I believe the SLURM setup is just a few steps of being properly set up, currently I have two very basic scenarios that are giving me questions/problems, :
For 1) Running GPU jobs without containers:
I was expecting that when doing for example "srun -p gpu --gres=gpu:A100:1 nvidia-smi -L", the output would be just 1 GPU. However it is not the case.
➜ TUT03-GPU-single srun -p gpu --gres=gpu:A100:1 nvidia-smi -L
GPU 0: A100-SXM4-40GB (UUID: GPU-baa4736e-088f-77ce-0290-ba745327ca95)

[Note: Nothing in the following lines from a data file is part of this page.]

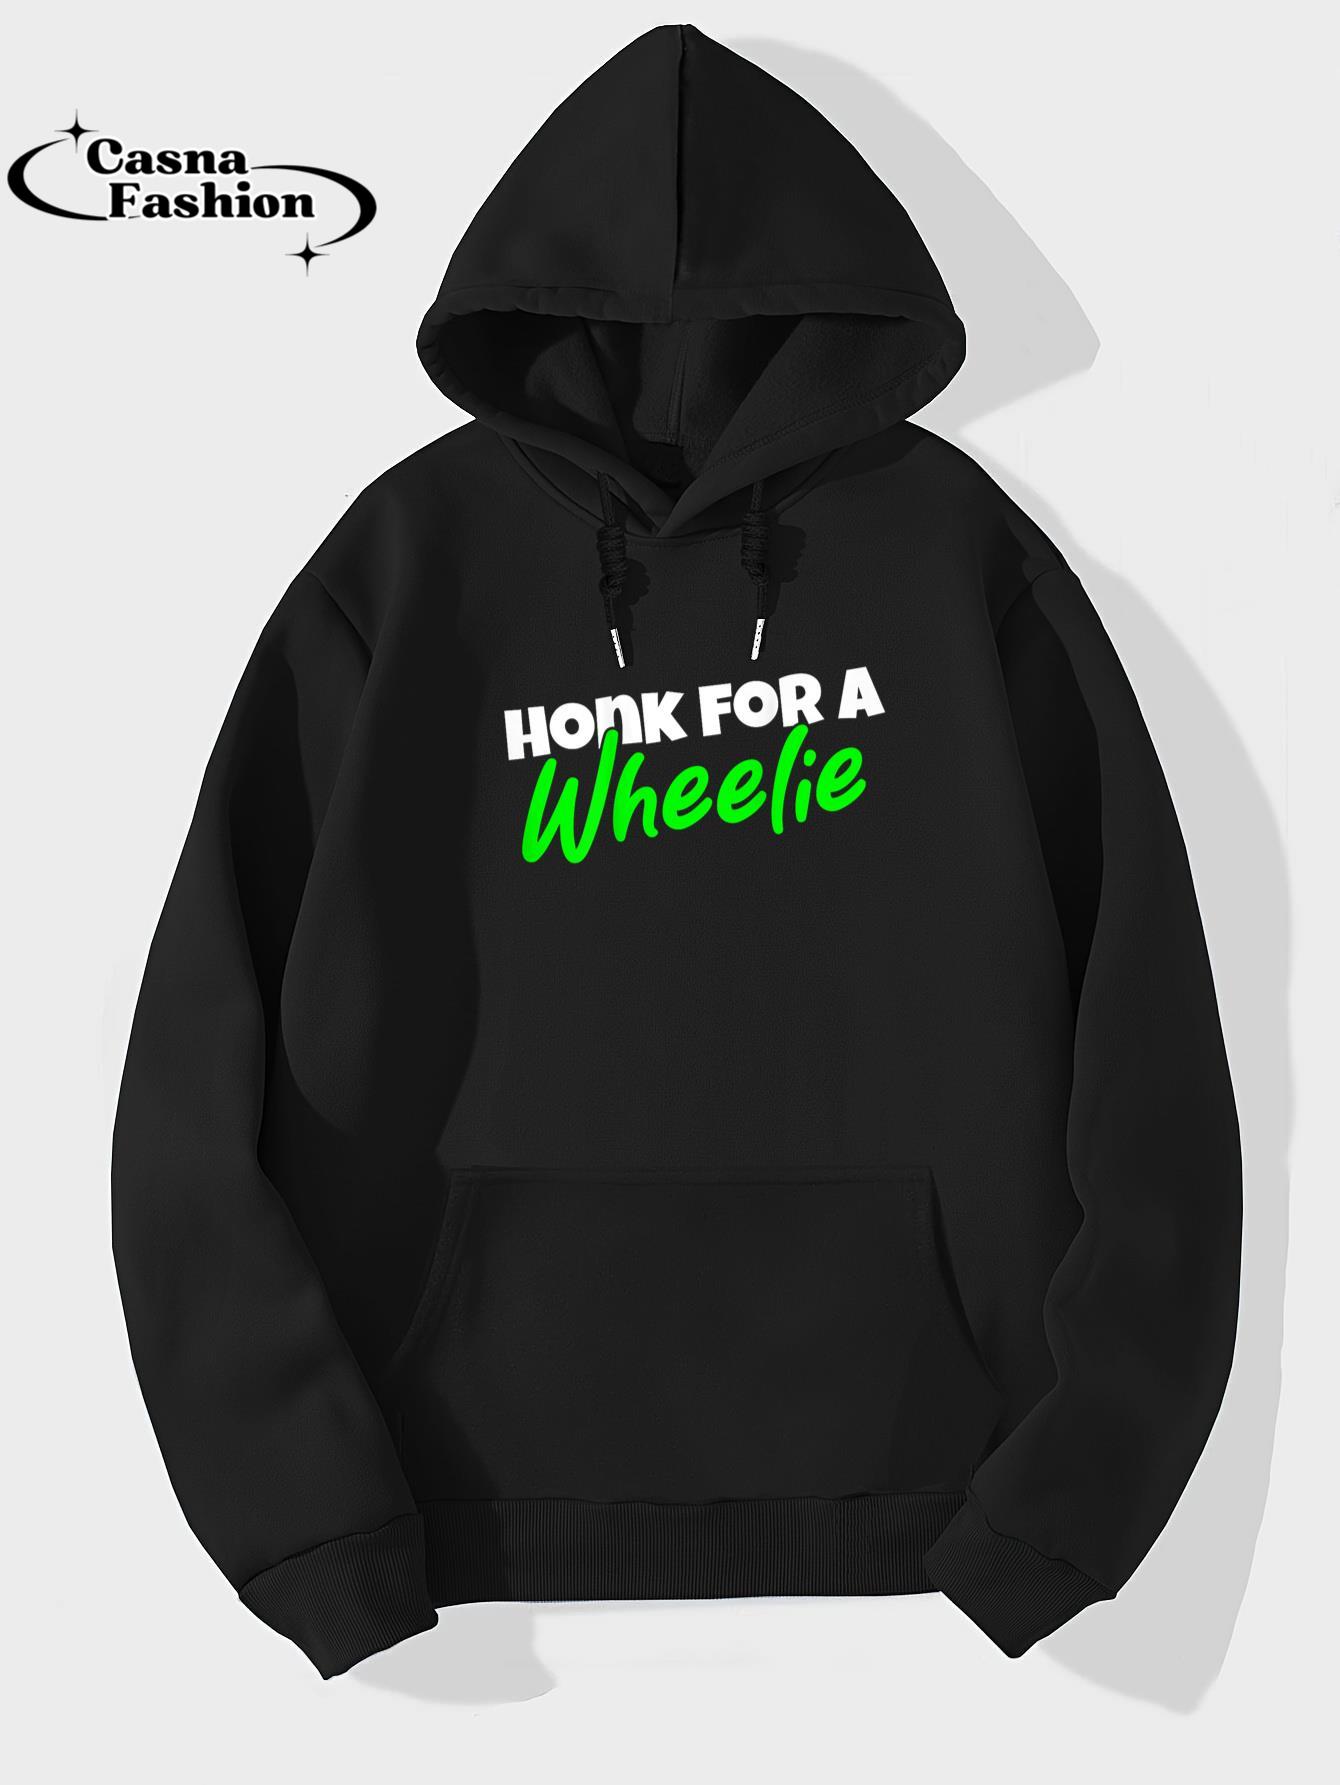 casnafashion_Hoodie_Backprint Motorcycle Stunt Design Honk For Wheelie T-Shirt_hoodie_black hoodie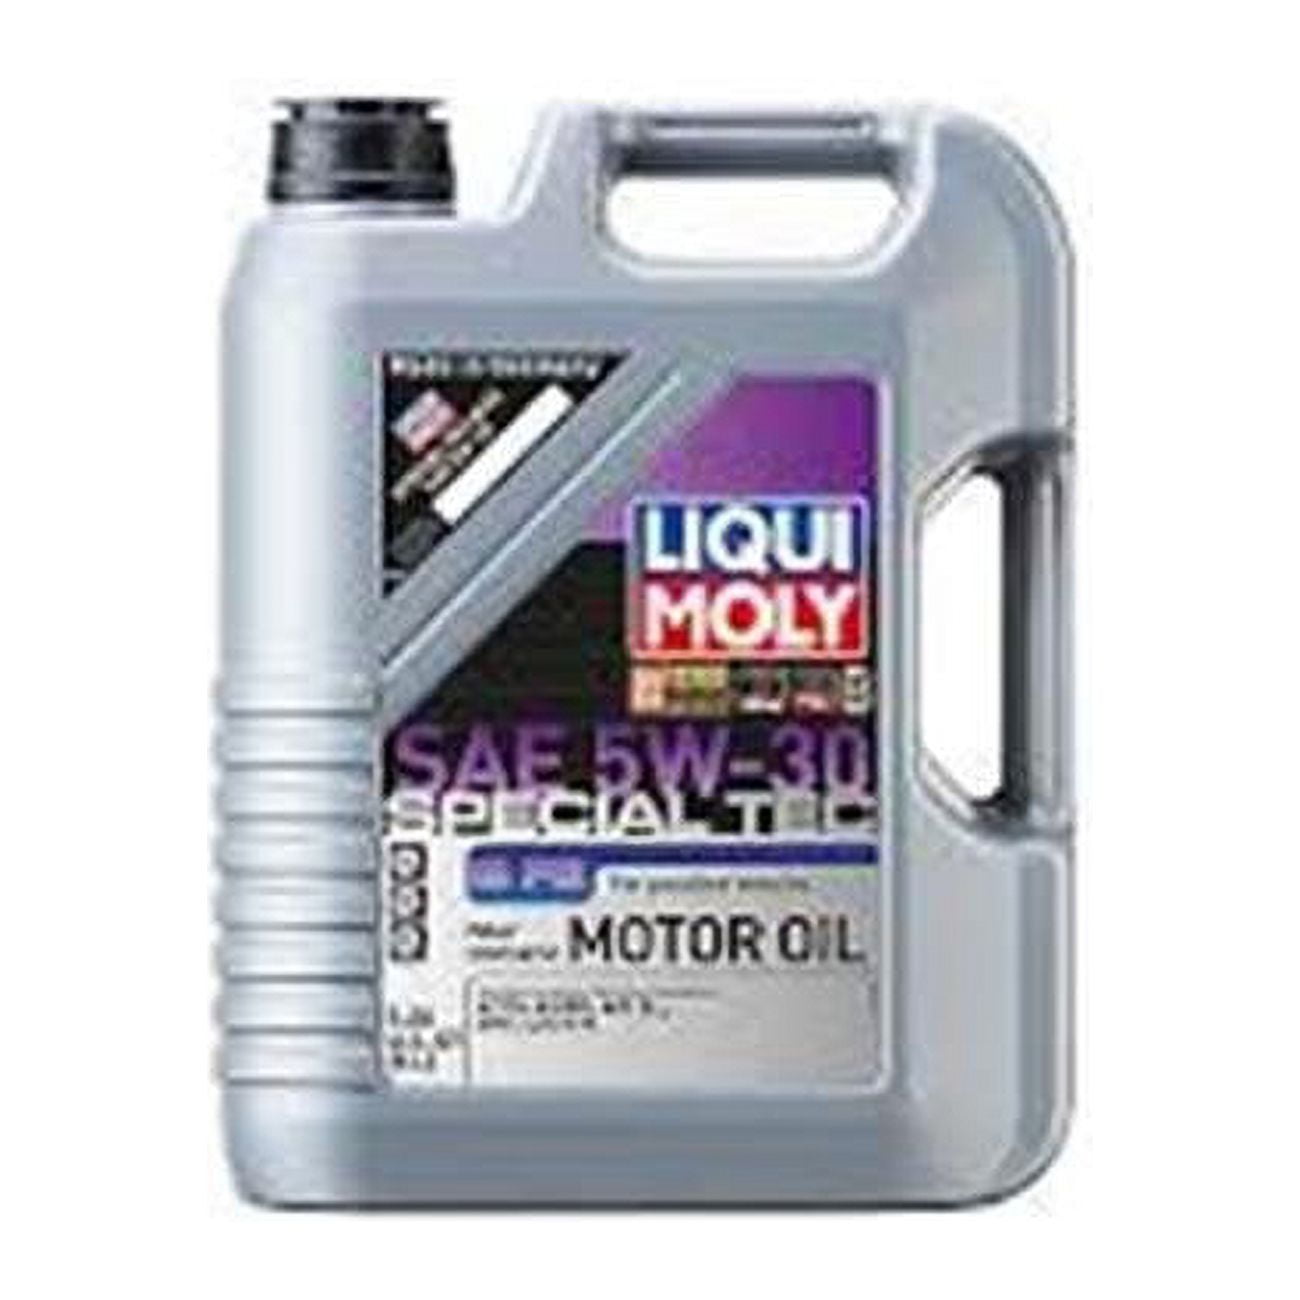 Liqui Moly 20442 1 L SAE 5W-30 Special Tec Motor Oil 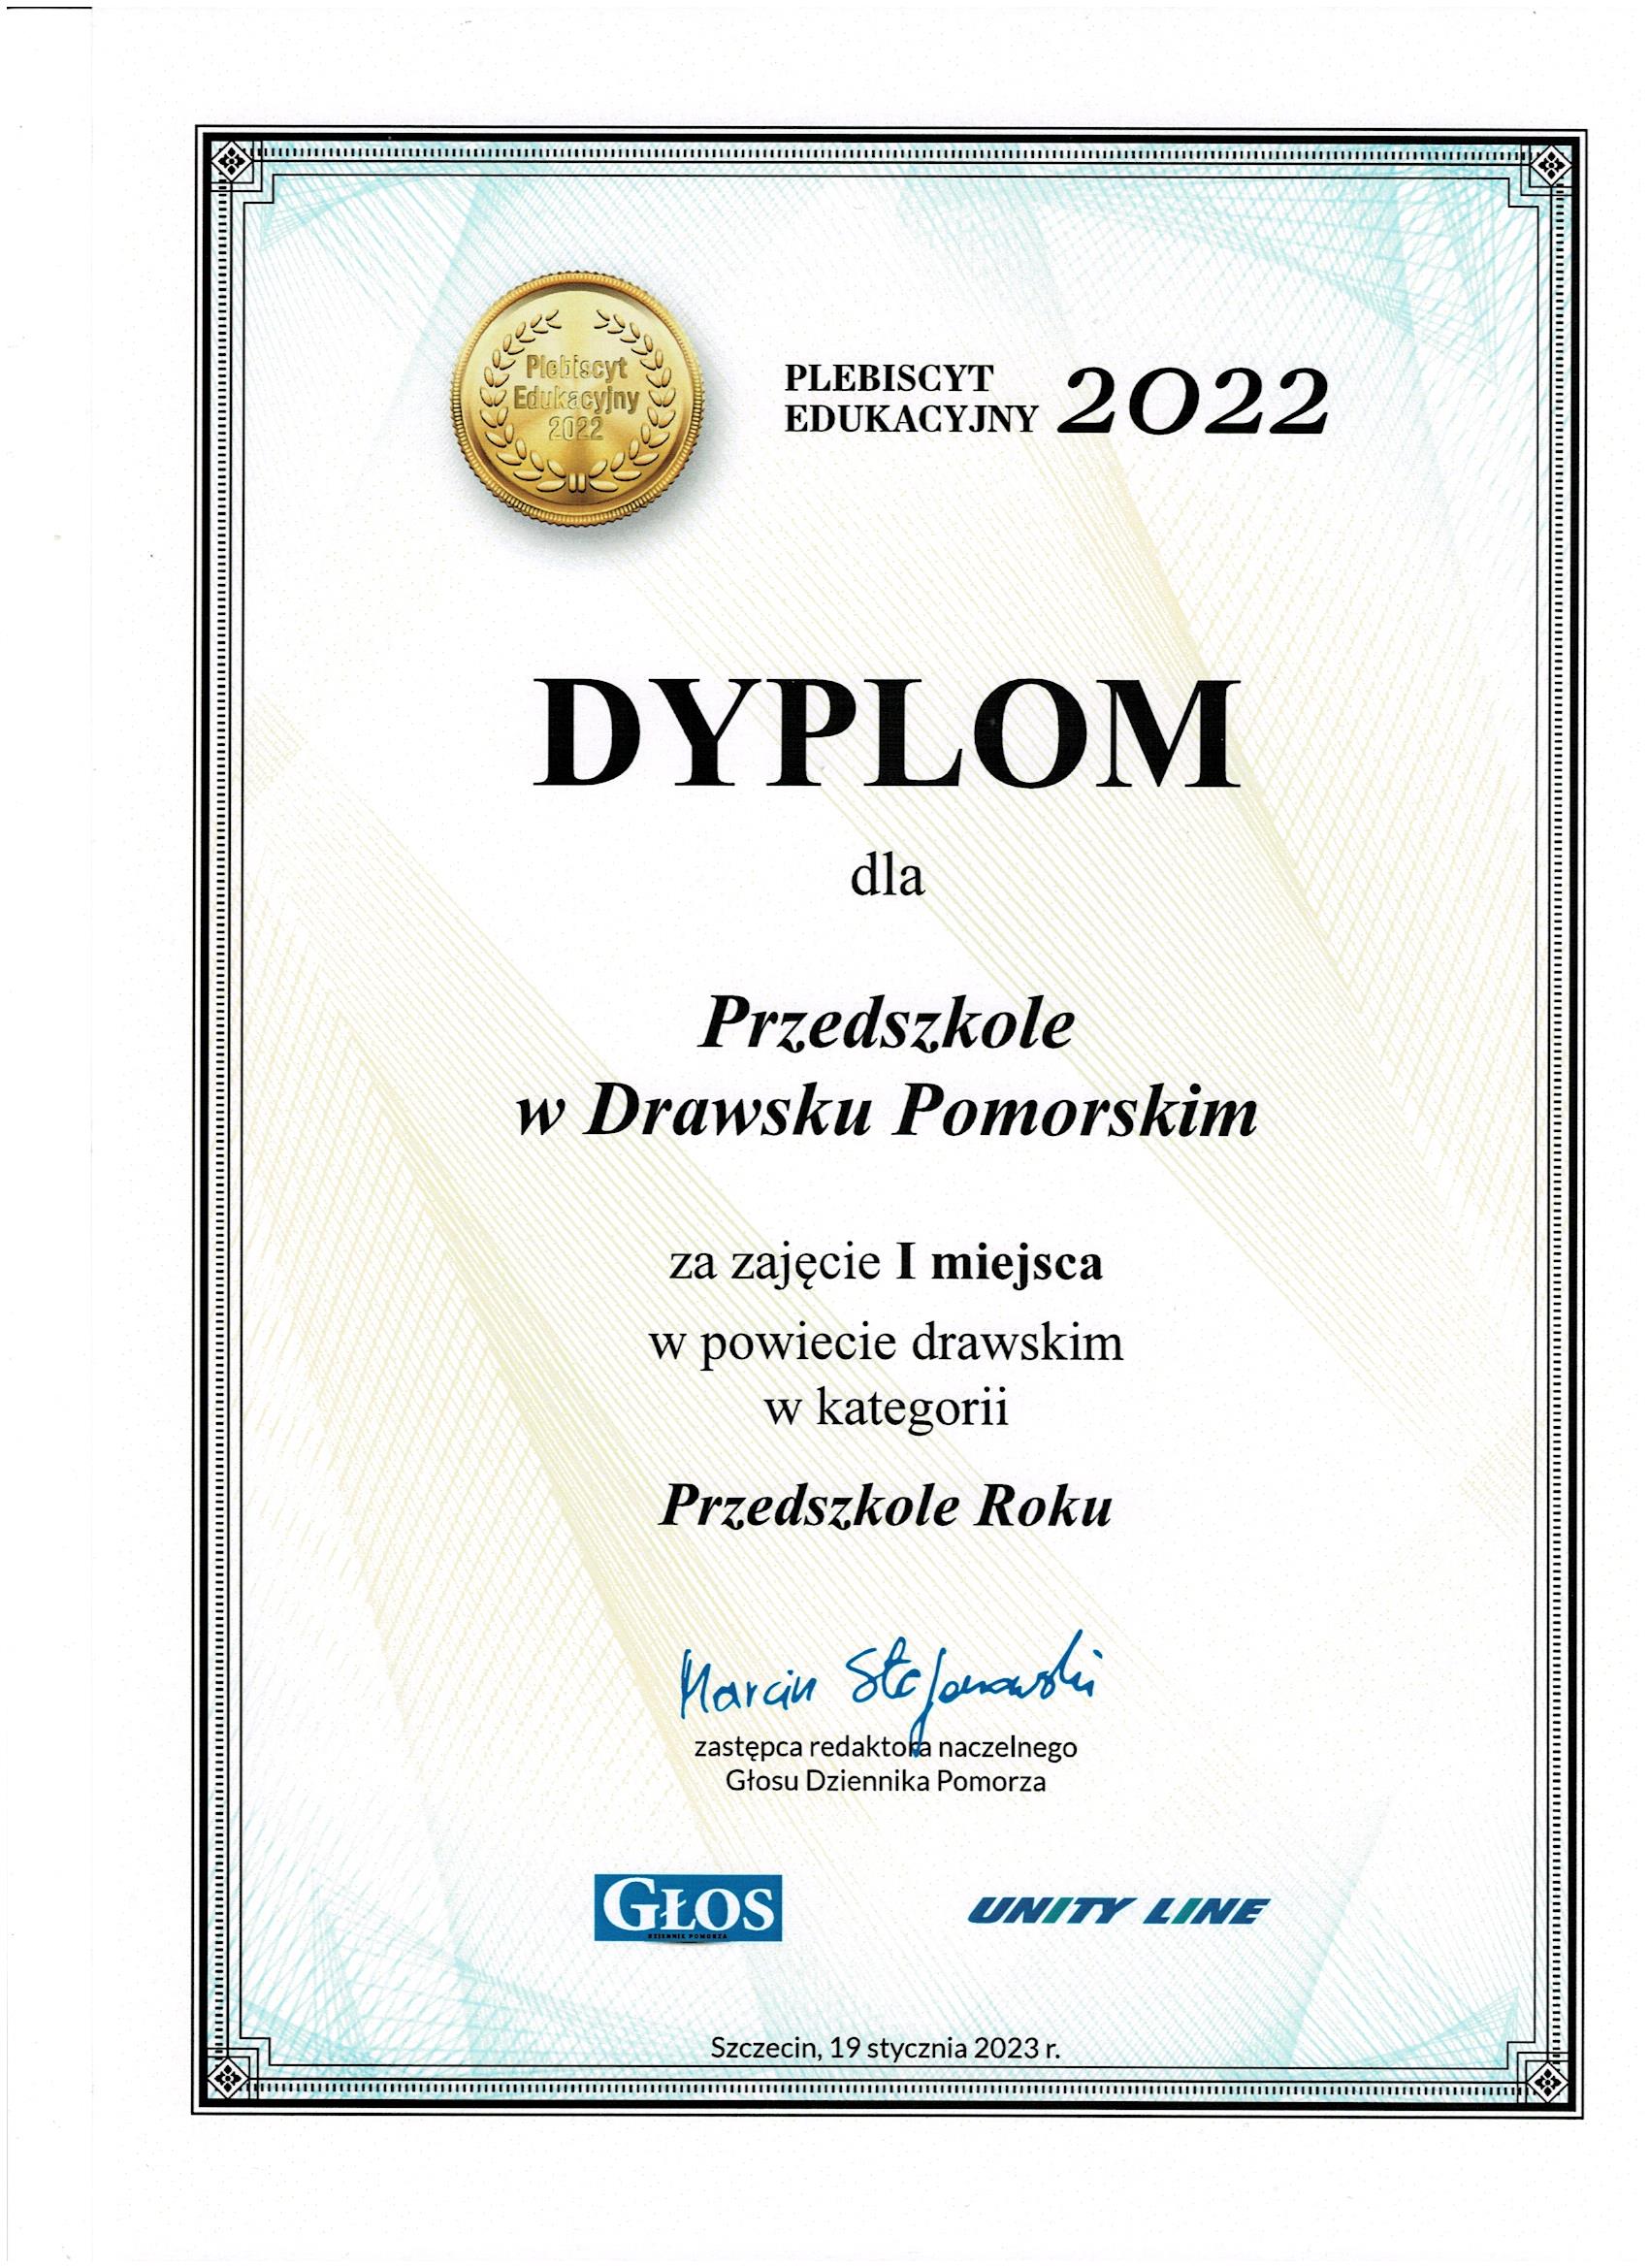 Dyplom dla drawskiego przedszkola w Ogólnopolskim Plebiscycie Edukacyjnym 2022

GPU 1: A100-SXM4-40GB (UUID: GPU-d40a3b1b-006b-37de-8b72-669c59d14954)
GPU 2: A100-SXM4-40GB (UUID: GPU-35a012ac-2b34-b68f-d922-24aa07af1be6)
GPU 3: A100-SXM4-40GB (UUID: GPU-b75a4bf8-123b-a8c0-dc75-7709626ead20)
GPU 4: A100-SXM4-40GB (UUID: GPU-9366ff9f-a20a-004e-36eb-8376655b1419)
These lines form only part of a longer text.